Partant de cette matière brute, la scénariste Fanny Herrero (Kaboul Kitchen, Fais pas ci, Fais pas ça…) et son équipe ont écrit les six épisodes. C’est là que Cédric Klapisch a ajouté sa patte: séduit par le projet que lui avait présenté Dominique Besnehard sur le tournage de Casse-tête chinois, il en signe la direction artistique, ainsi que la réalisation des deux premiers épisodes.
Il a été dit que c’était « votre première série », mais ce n’est pas la vôtre… Comment avez-vous vécu ce rôle d’appui, vous qui êtes d’habitude aux manettes ?
Dire que c’est « ma série », c’est le problème des médias et de leur starification rapide ! Or là, l’impulsion créative est faite par beaucoup de gens. Fanny Herrero, Dominique Besnehard, trois réalisateurs - Antoine Garceau, Lola Doillon et moi, les producteurs Fanny Rondeau et Harold Valentin… C’était très collégial, c’en était troublant ! Ce projet est vraiment lié à une méthode de travail. Avec les deux autres réalisateurs, on faisait le casting ensemble, on était toujours à trois. Et pour la direction artistique, c’était un va-et-vient avec les scénaristes. Je demandais à bouger les choses, soit parce que connaissant les acteurs, je savais qu’ils ne feraient pas ce qui était demandé, que ça ne marcherait pas, ou j’apportais des idées de mise en scène. J’ai ajouté ma patte, mais il y a 80 % des scènes que je n’ai pas bougées d’une ligne !

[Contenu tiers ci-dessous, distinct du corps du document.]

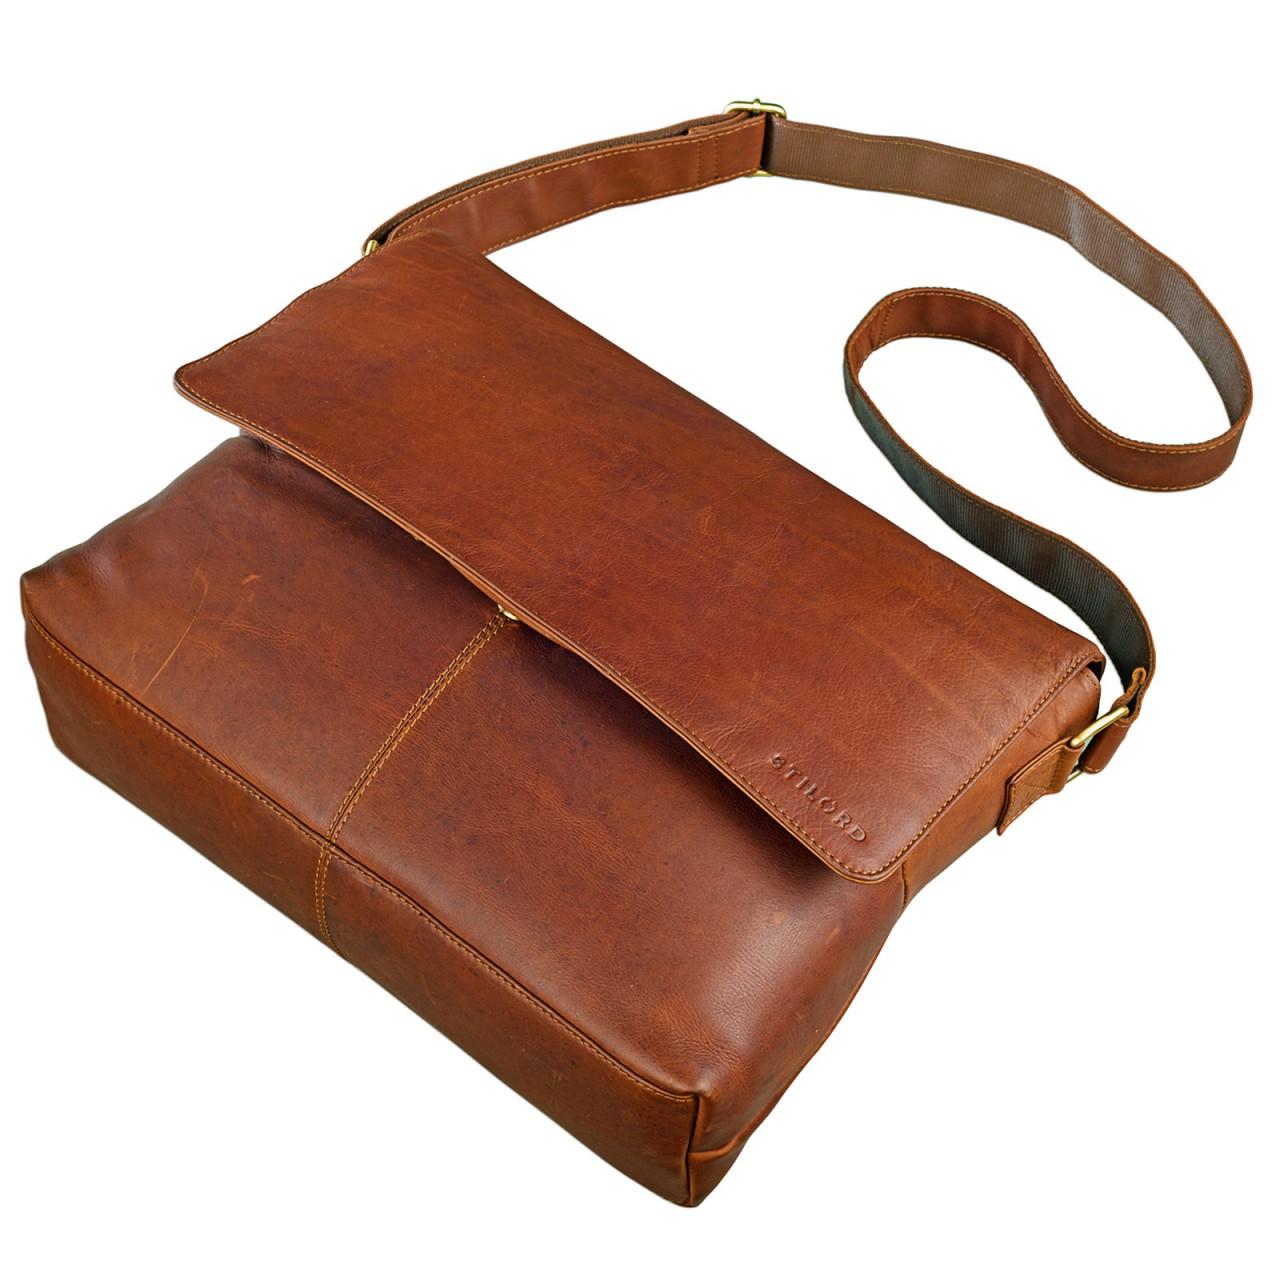 STILORD Messenger Bag Leder Herren Damen Arbeitstasche DIN A4 Dokumententasche Akten Büro Uni Freizeit für 15,6 Zoll Laptop Büffelleder Cognac - Bild 4

Qu’avez-vous retenu de la collaboration avec les scénaristes ?
J’ai rencontré une nouvelle génération de scénaristes, nourris de séries US, avec des méthodes d’efficacité. C’était surtout pour rencontrer ces gens-là que le projet m’intéressait. De mon côté, quand l’humour était très outrancier, j’’essayais d’ajouter quelque chose de plus réaliste. Dans cette série, il y a un ton comique et dramatique et pour pouvoir passer de l’un à l’autre et être ému, il faut une base réelle solide.
A chaque épisode son guest. Pour les deux premiers épisodes, Cécile de France, Line Renaud et Françoise Fabian. A en croire Dominique Besnehard, votre nom a été très important pour contrer les refus nombreux et convaincre les guests.
C’est un métier où il est beaucoup question de confiance. La réputation de Dominique et la mienne vis-à-vis des acteurs fait qu’ils se disent que ça ne va pas être totalement merdique ! On promettait le fait qu’on y apporterait du soin, que ce ne serait pas bâclé. Car ils avaient peur…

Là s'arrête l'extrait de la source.